Data extract:
-- Opening Marker --

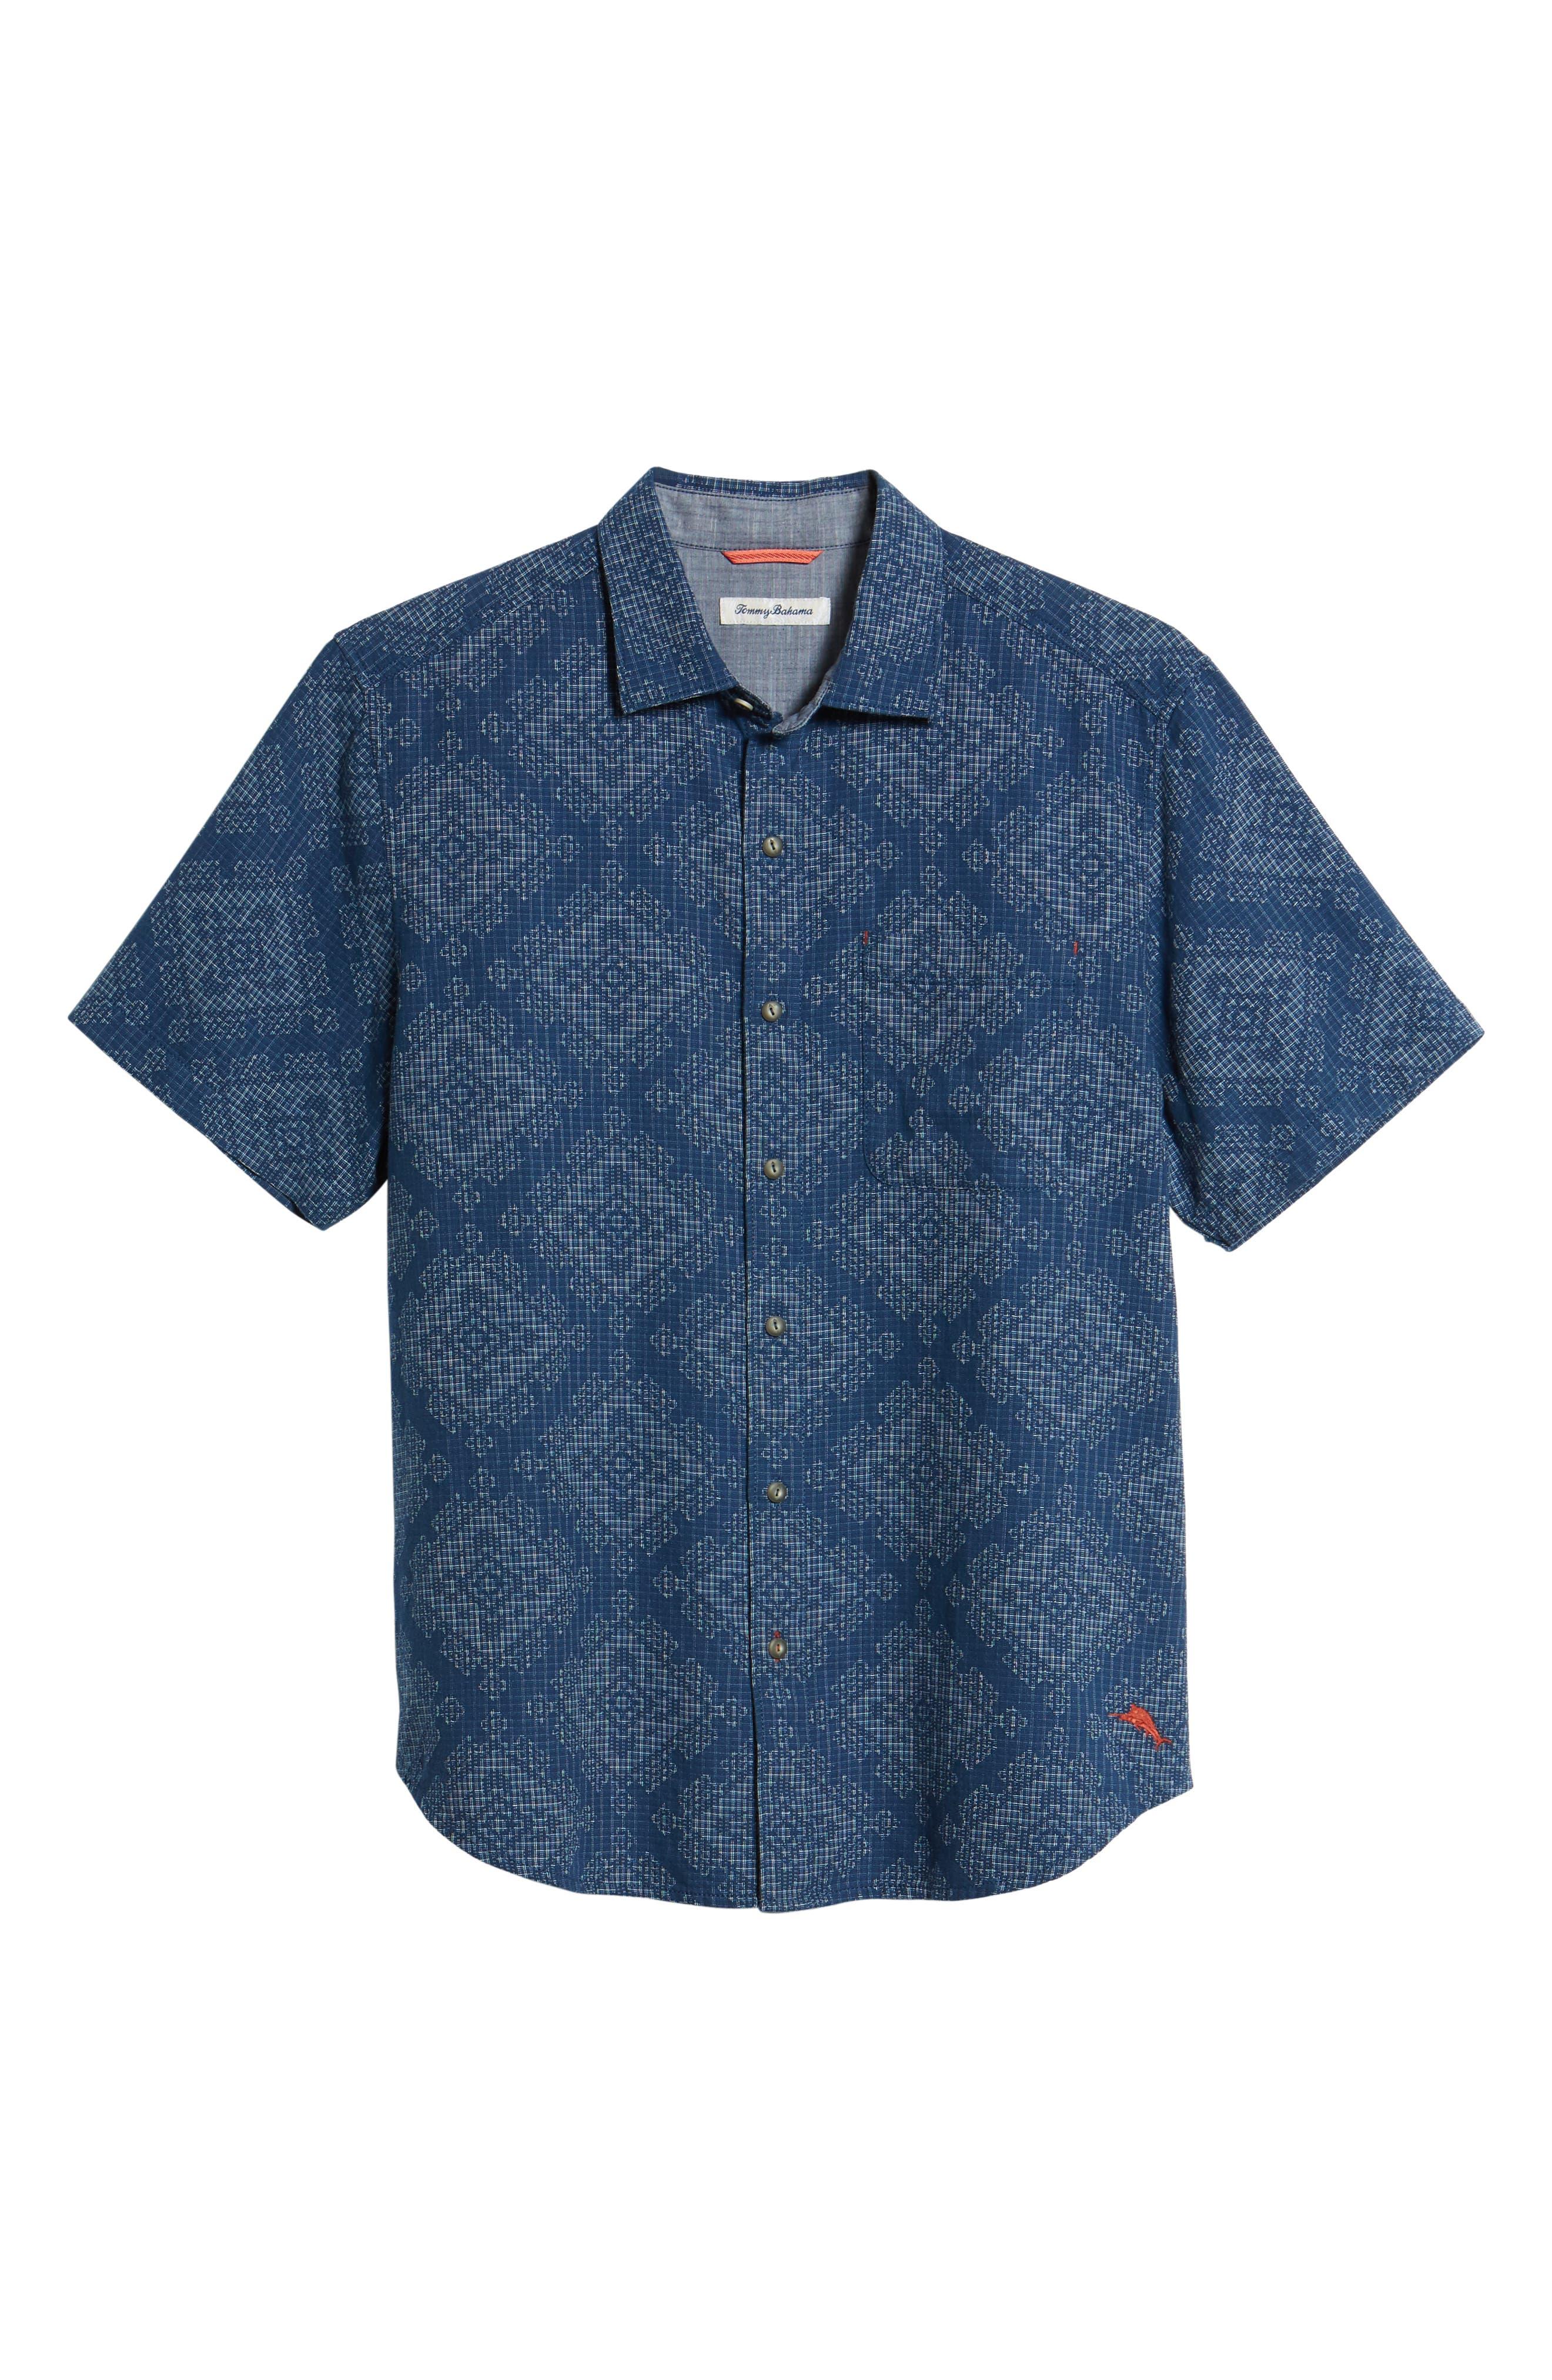 Geo de Mayo Sport Shirt,                             Alternate thumbnail 6, color,                             Throne Blue
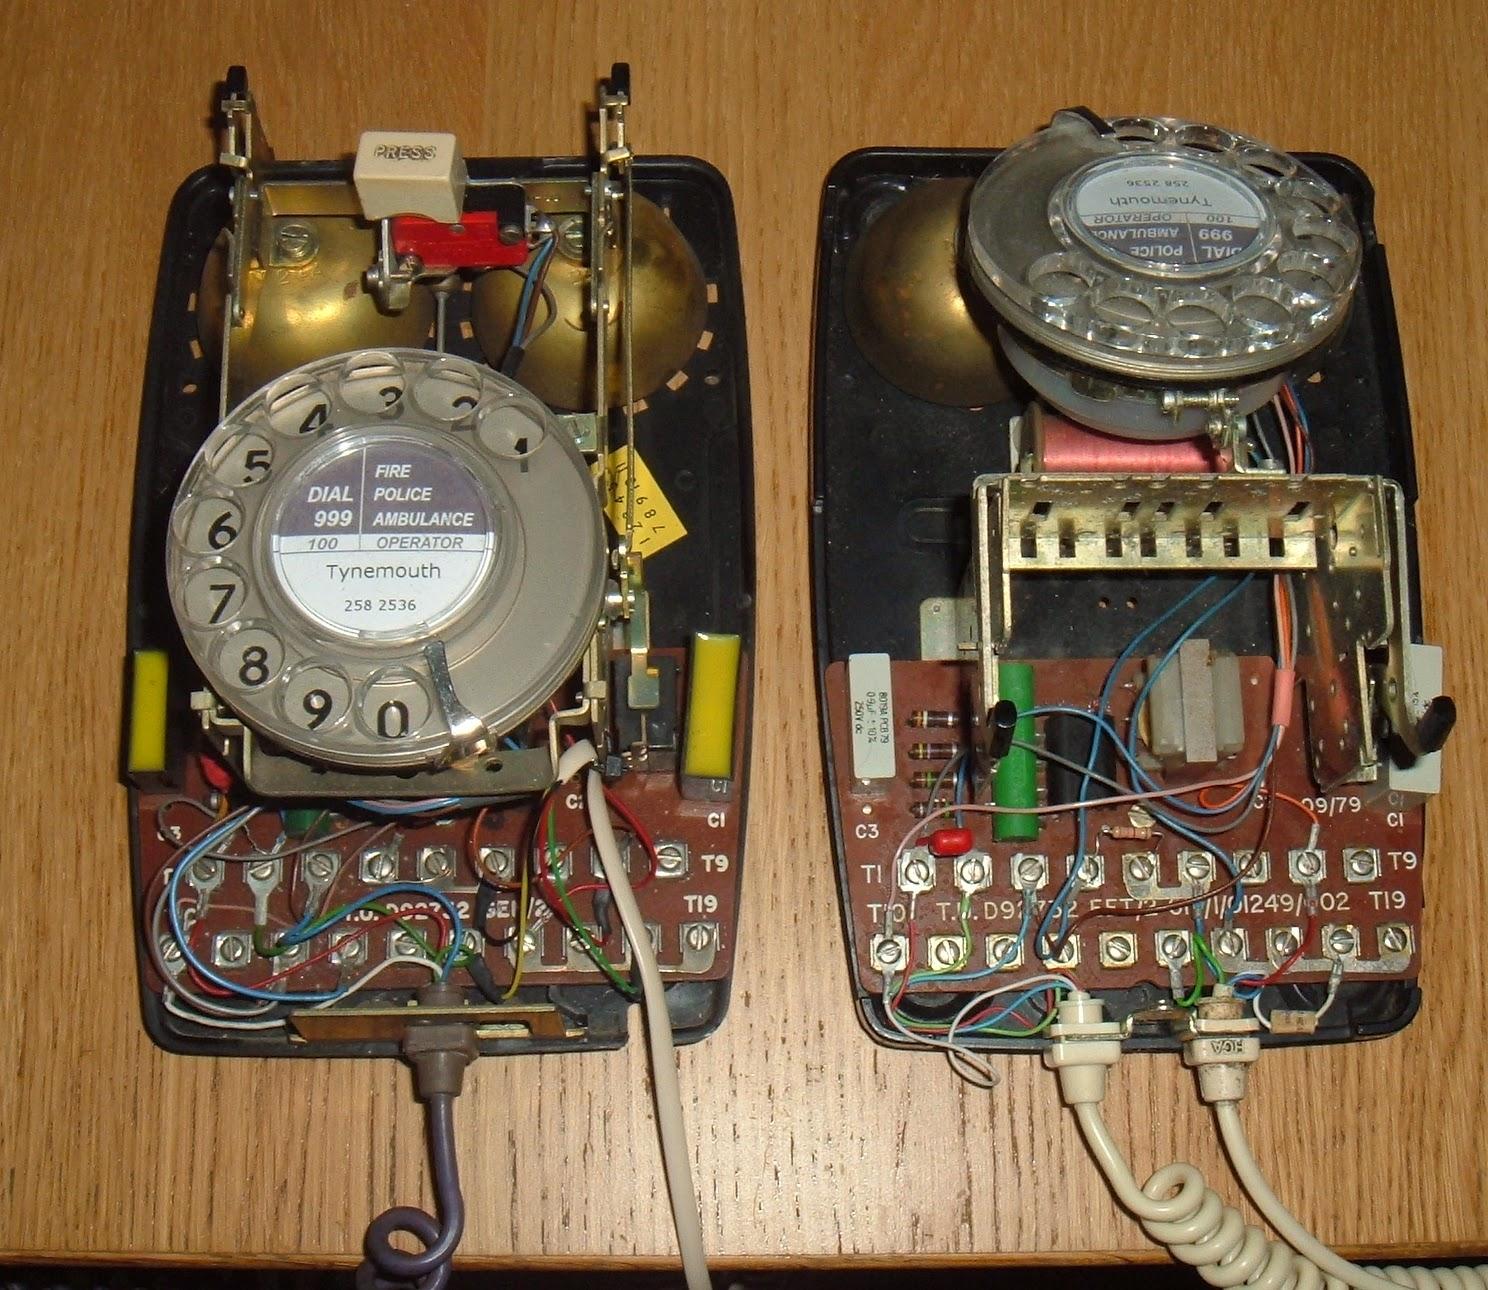 Tynemouth Software Bt 741 Wallphone Conversion
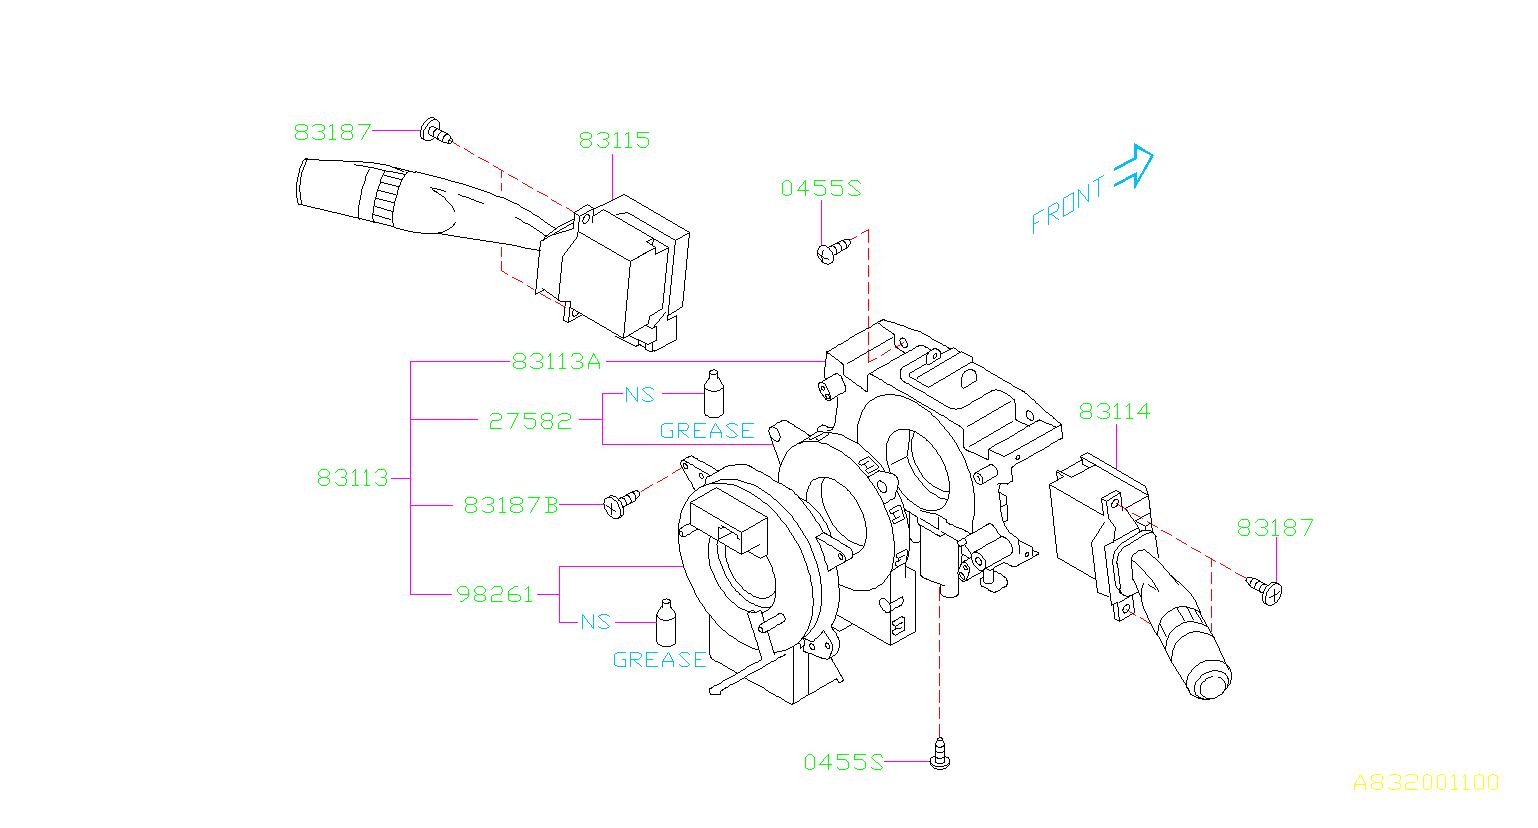 2011 Subaru Forester Sensor-steering angle. Combination
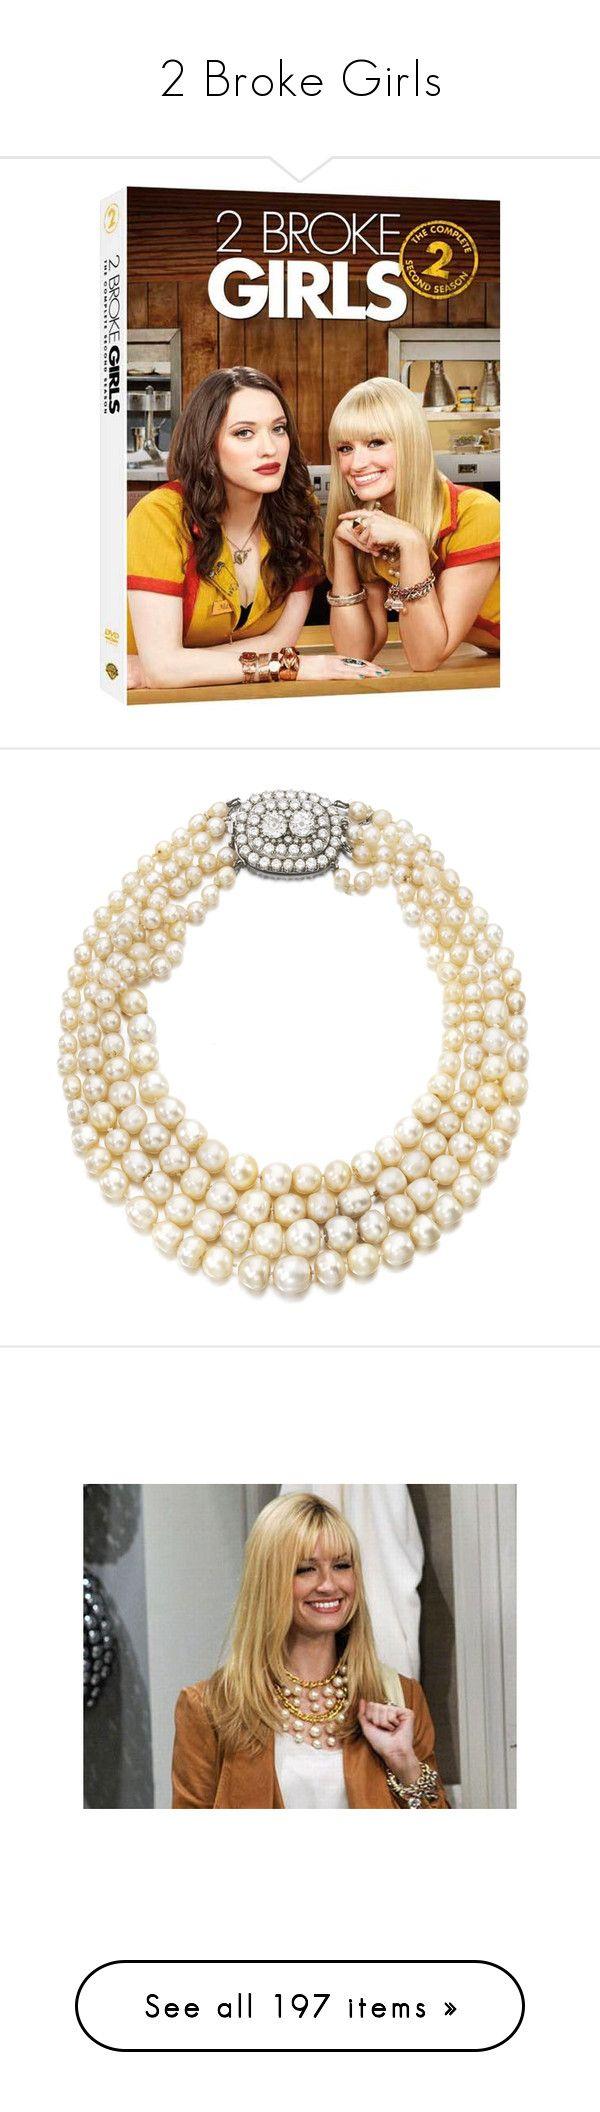 """2 Broke Girls"" by styleskater7 ❤ liked on Polyvore featuring Max, Caroline, 2 broke girls, jewelry, necklaces, colar, fresh water pearl jewelry, pearl jewelry, freshwater pearl necklace and white pearl necklace"

-- Closing Marker --

Problem requirements: Output the data above verbatim, pictures excluded.

Your solution:
 Geo de Mayo Sport Shirt,                             Alternate thumbnail 6, color,                             Throne Blue
 Tynemouth Software Bt 741 Wallphone Conversion
 2011 Subaru Forester Sensor-steering angle. Combination
 """2 Broke Girls"" by styleskater7 ❤ liked on Polyvore featuring Max, Caroline, 2 broke girls, jewelry, necklaces, colar, fresh water pearl jewelry, pearl jewelry, freshwater pearl necklace and white pearl necklace"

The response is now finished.